Seth Jerabek
I pazienti che stanno valutando la possibilità di sottoporsi a chirurgia protesica per la sostituzione dell’anca o del ginocchio, se hanno ricevuto infiltrazioni di corticosteroidi per alleviare il dolore farebbero bene ad attendere tre mesi prima dell’intervento. Lo suggeriscono due studi statunitensi i cui risultati sono stati resi noti di recente.
Il primo è stato condotto da un gruppo di ricercatori dell’Hospital for special surgery (Hss) di New York coordinato da William Schairer e presentato al meeting annuale dell’American Academy of Orthopaedic Surgeons (Aaos) che si è svolto agli inizi di marzo a Orlando, in Florida. «Il rischio di sviluppare un’infezione in seguito all’intervento chirurgico – ha affermato Schairer – è aumentato in modo significativo nei pazienti inclusi nello studio a cui è stata impiantata una protesi d’anca meno di tre mesi dopo essere stati in terapia iniettiva con steroidi; se però hanno avuto l’accortezza di attendere oltre questo periodo di tempo il loro rischio non è stato per nulla superiore alla norma».

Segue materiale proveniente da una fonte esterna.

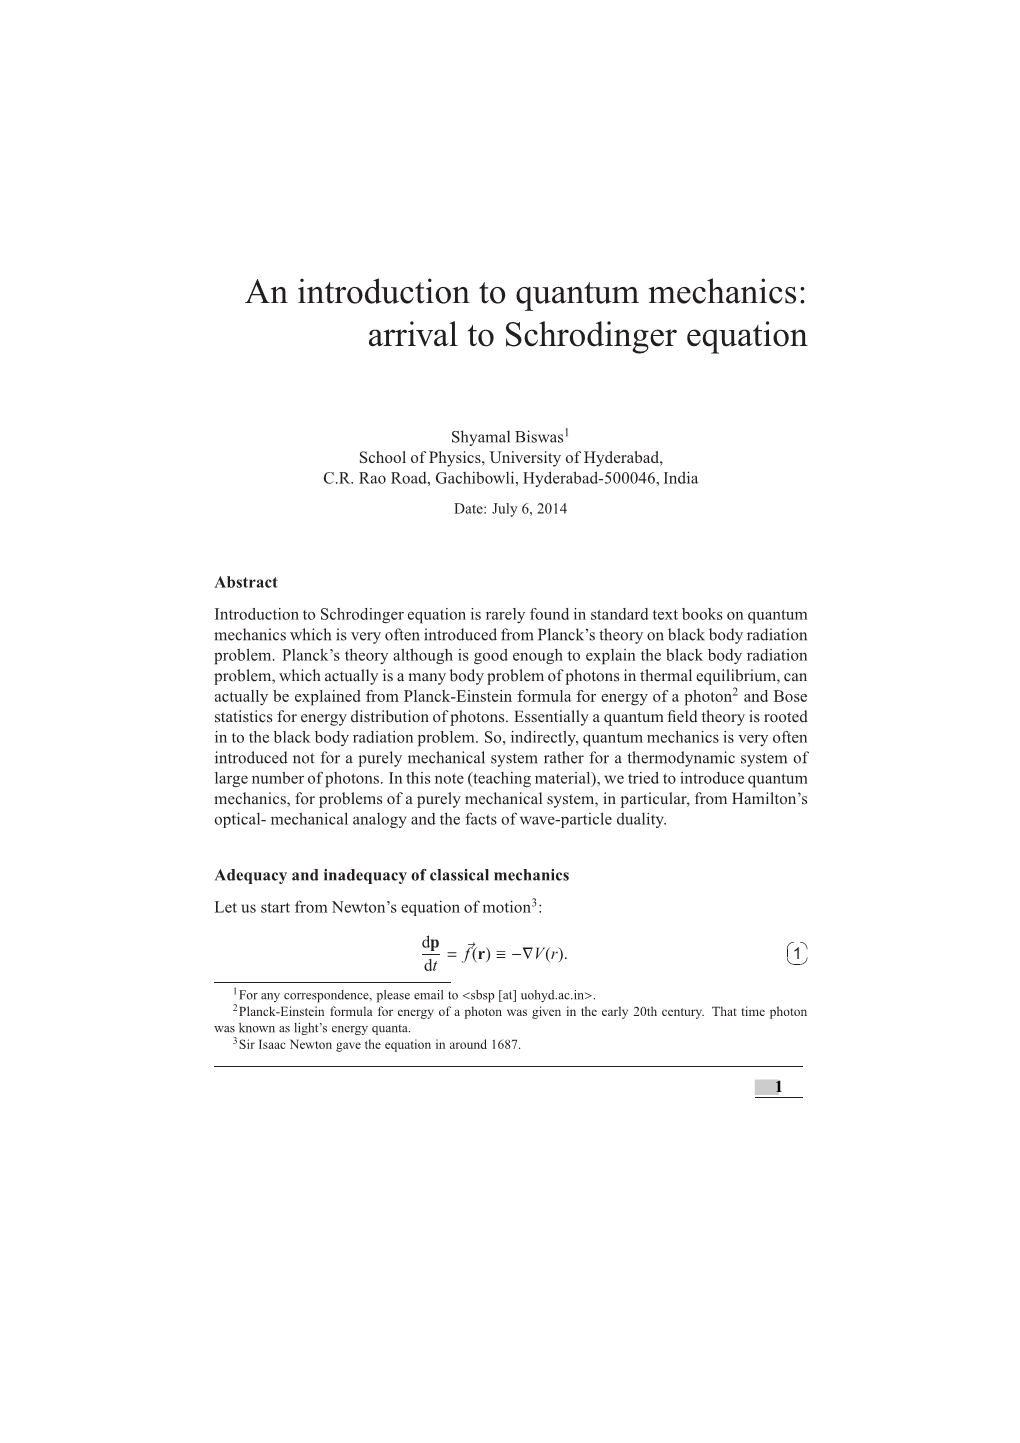 Quantum Mechanics: Arrival to Schrodinger Equation

I ricercatori sono giunti a queste conclusioni grazie all’analisi delle cartelle cliniche presenti nei database della California e della Florida: in tutto oltre 177.000 registrazioni riferite a pazienti con osteoartrosi che avevano ricevuto una protesi d’anca tra il 2005 e il 2012. L’esame delle cartelle ha poi permesso di restringere il campione e di studiare più in dettaglio quei soggetti che erano stati in terapia con infiltrazioni di corticosteroidi nell’articolazione dell’anca. Com’è noto, si tratta di un trattamento molto comune per ridurre dolore e infiammazione in pazienti affetti da artrosi e lo studio di Schairer e colleghi è il primo a fornire forti evidenze di questo tipo di rischio su una popolazione così ampia.
I pazienti sono stati suddivisi in quattro gruppi in base al periodo intercorso tra la fine della terapia farmacologica e l’intervento: meno di tre mesi; dai tre ai sei mesi; oltre sei mesi; nessuna terapia. Il tasso di infezioni è stato del 2,06% nei pazienti a cui non erano state fatte infiltrazioni ed è balzato al 2,81% in chi aveva ricevuto infiltrazioni meno di tre mesi prima, il che equivale a un aumento del rischio del 40%. Per intervalli più lunghi il rischio tornava però a essere analogo a coloro che non avevano ricevuto corticosteroidi.
Nel tentativo di spiegare le ragioni del risultato ottenuto, gli autori hanno fatto notare che si tratta di farmaci che indeboliscono il sistema immunitario e questo può contribuire a determinare il maggior rischio infettivo riscontrato. «La sostituzione d’anca è una procedura chirurgica sicura e molto diffusa e il rischio complessivo di sviluppare un’infezione articolare è basso – ha sostenuto l’autore senior dello studio Seth Jerabek, anch’egli ortopedico presso l’Hss – ma pur essendo un’eventualità poco frequente, un’infezione è una delle complicanze più temute di una sostituzione protesica. I pazienti che ne vengono colpiti devono spesso essere sottoposti a un nuovo intervento chirurgico, a un trattamento antibiotico endovenoso e un lungo periodo di allettamento e ricovero in ospedale».
Il secondo studio è stato coordinato da Nicholas Bedard, un chirurgo ortopedico dell’ospedale della University of Iowa e ha preso in esame pazienti operati con sostituzione totale di ginocchio. In tutto, il campione analizzato ha incluso 83.684 soggetti operati tra il 2007 e il 2014. Il 35,4% di loro (29.603) aveva ricevuto almeno un’infiltrazione di corticosteroidi nell’anno precedente all’intervento: in questo gruppo il tasso di infezione del sito chirurgico è stato significativamente superiore agli altri, il 4,4% invece del 3,6%, così il tasso delle infezioni che hanno comportato la necessità di un nuovo ricovero in ospedale, l’1,5% contro l’1%. Ma anche in questo caso il rischio è stato decisamente più elevato per quei pazienti trattati con corticosteroidi meno di un mese prima dell’intervento.
«Raccomandiamo di essere selettivi nello scegliere i pazienti a cui iniettare corticosteroidi – ha detto Bedard – e di limitare le infiltrazioni a quelle persone che non si prevede di sottoporre a chirurgia protesica nel breve termine; questa informazione è della massima importanza non soltanto per i chirurghi ortopedici ma anche per tutti gli operatori sanitari che si occupano del trattamento sintomatico dell’artrosi di ginocchio».